Silicon Valley executives promise that artificial intelligence is going to radically change everyone’s life for the better, starting just a few minutes from now. A.I. is described as the new electricity. It’s even bigger than fire. Don’t bother saving money for retirement because everyone will be rich rich rich.

Your grandparents heard pretty much the same thing. The creators of a new technology have always sold it as producing a fundamental transformation of human existence. The radio was touted as bringing “perpetual peace on earth.” Television was supposed to arouse so much empathy for different cultures that it would end war. Cable television would educate the masses and lead to widespread enlightenment.

This time, though, the masses have not been won over.

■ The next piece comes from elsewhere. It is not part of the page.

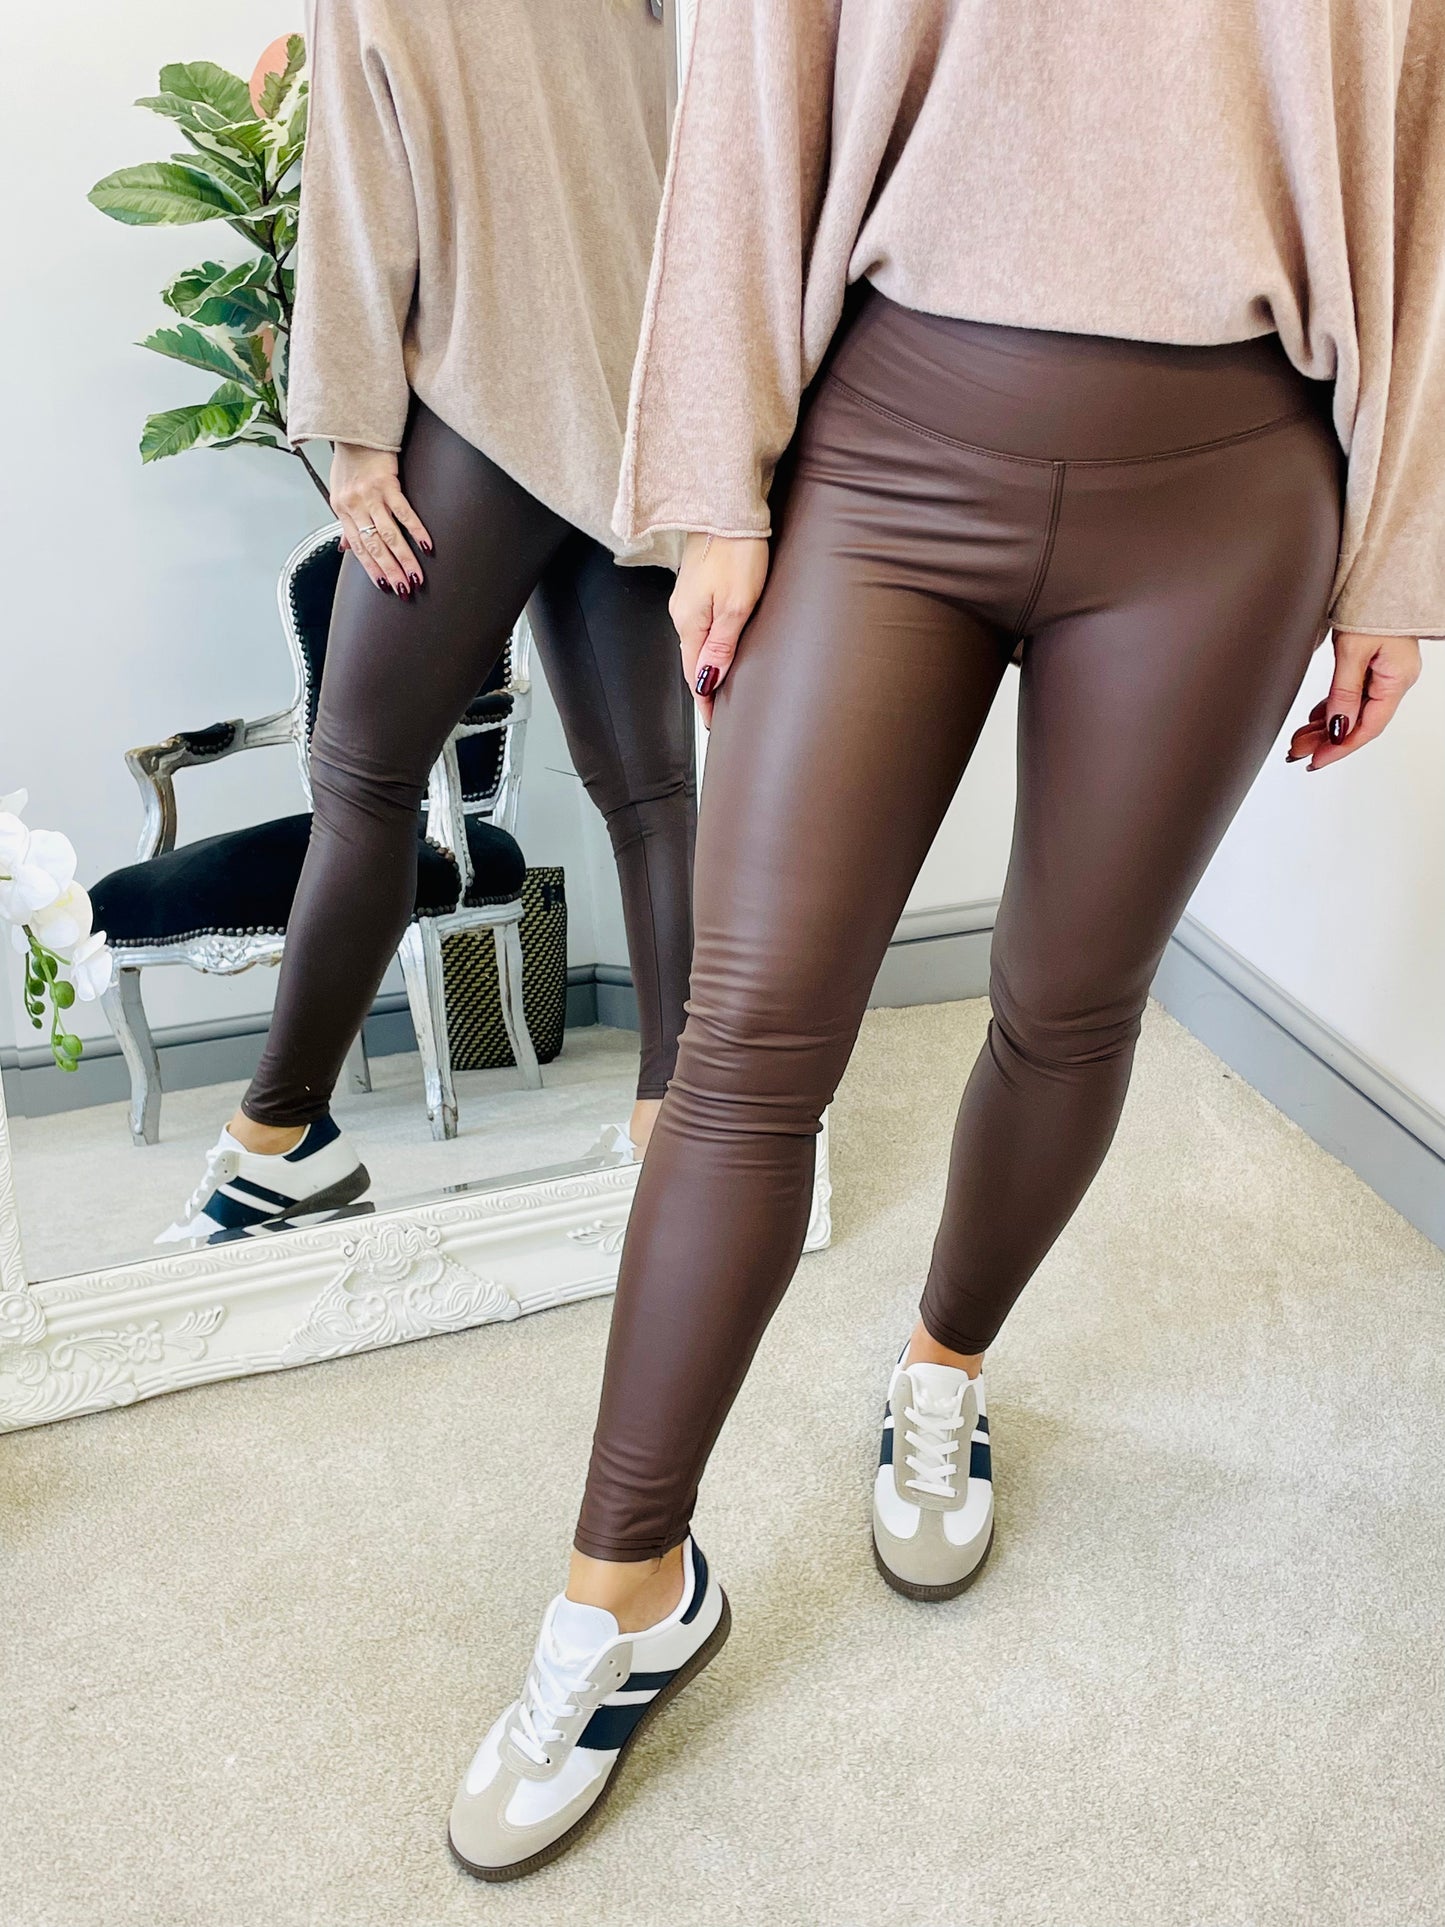 The DISCO chocolate brown pu leggings
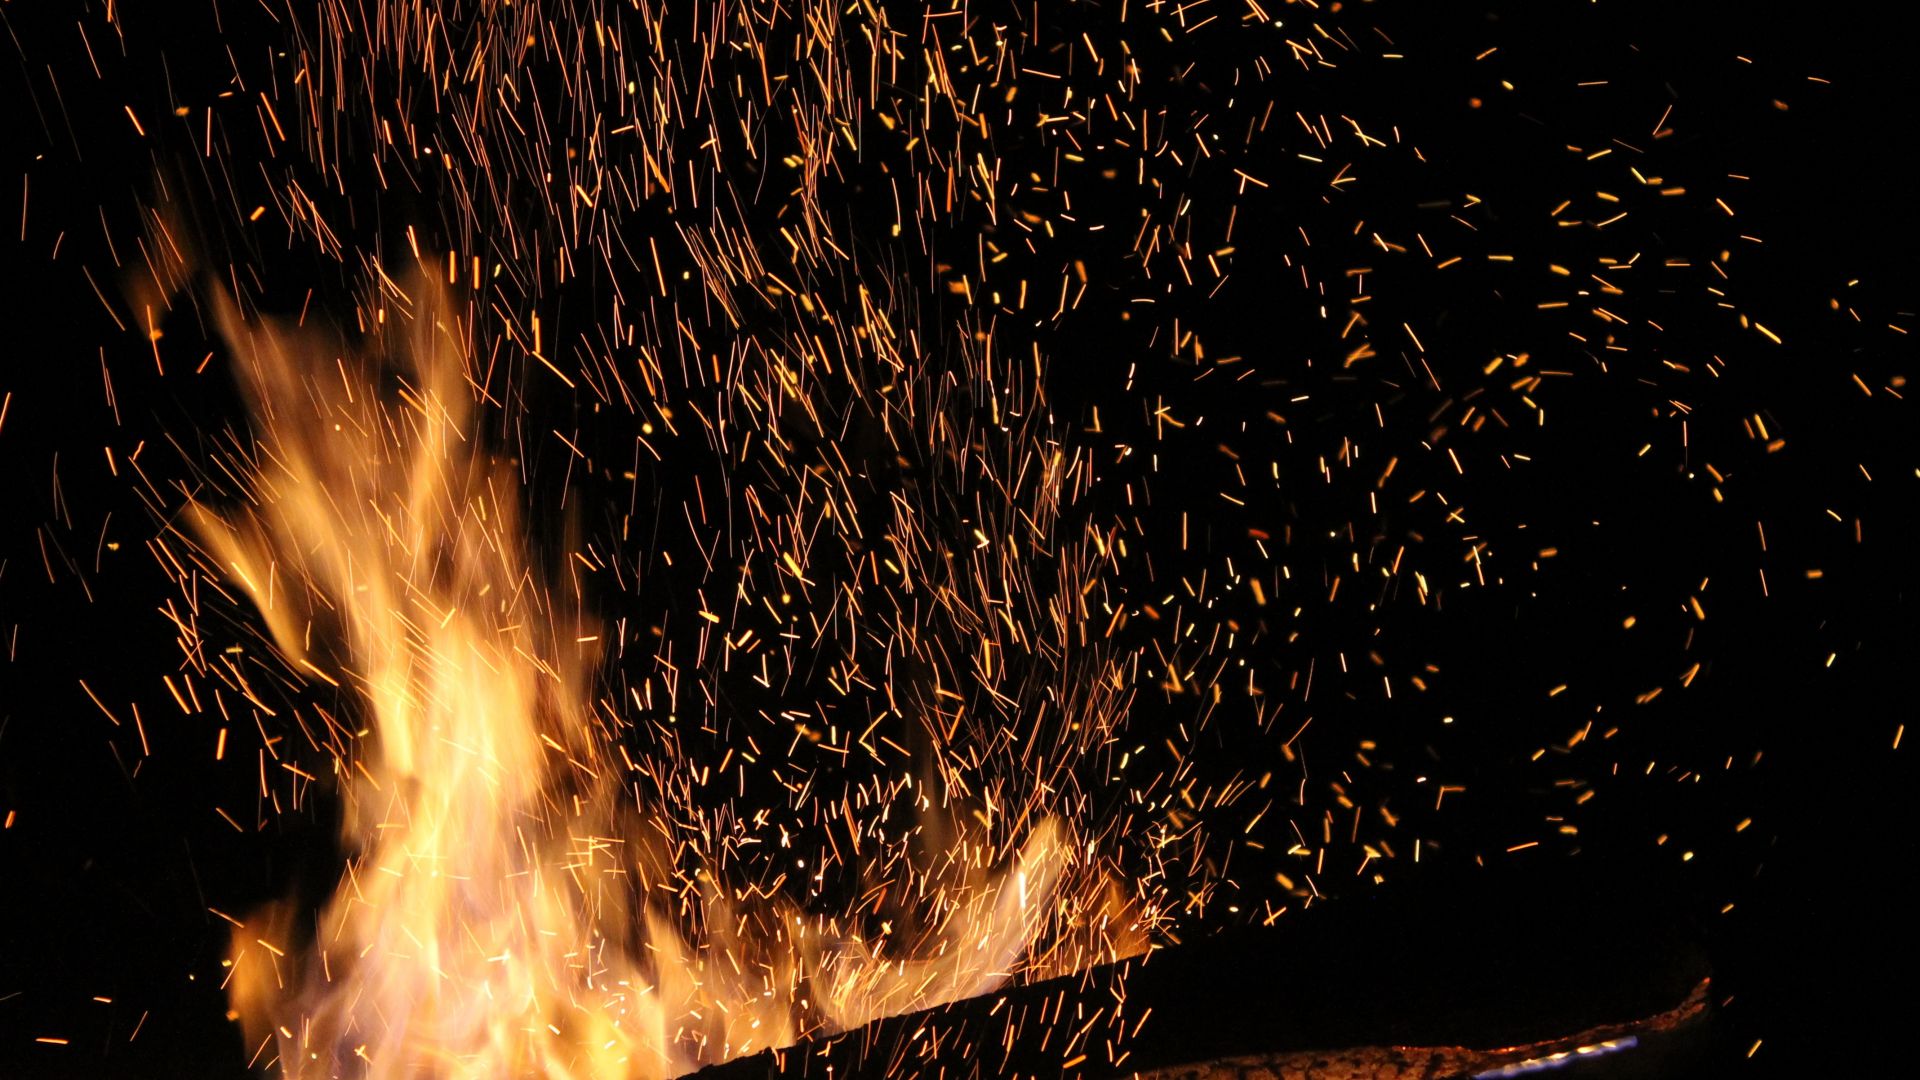 Wallpaper Fire, campfire, flames at night

In a You.gov survey last year, more than a third of respondents said they were concerned that A.I. would end human life on earth. Even those with a more hopeful attitude overwhelmingly said in another poll that they would not pay extra to put A.I. on their devices. And in the most recent large survey conducted by the National Bureau of Economic Research, 80 percent of firms reported that A.I. was having no impact on their productivity or employment.

Looking at what’s possible, it does feel sort of surprisingly slow,” Mr. Altman said at an A.I. conference this month.

Jensen Huang, chief executive of the chip maker Nvidia, is worried. The tech industry hype may seem omnipresent, but Mr. Huang feels “the battle of narratives” is being won by the critics.

“It’s extremely hurtful, frankly,” Mr. Huang said in a podcast interview last month. “A lot of damage” has been done by “very well-respected people who have painted a doomer narrative, end-of-the-world narrative, science fiction narrative

In Mr. Huang’s view, the critics want regulations that will hamper the A.I. industry and slow it down. Meanwhile, the skeptics are “scaring people from making the investments in A.I.” that would make it better.

Nvidia, which makes the chips that power A.I. data centers, does not lack investors. It is now the most highly valued company in the world, with a market capitalization of $4.5 trillion. Google, Microsoft, Amazon and Meta have also seen their values soar. Some A.I. start-ups have become fantastically valuable practically overnight in a way never quite seen before, starting with OpenAI.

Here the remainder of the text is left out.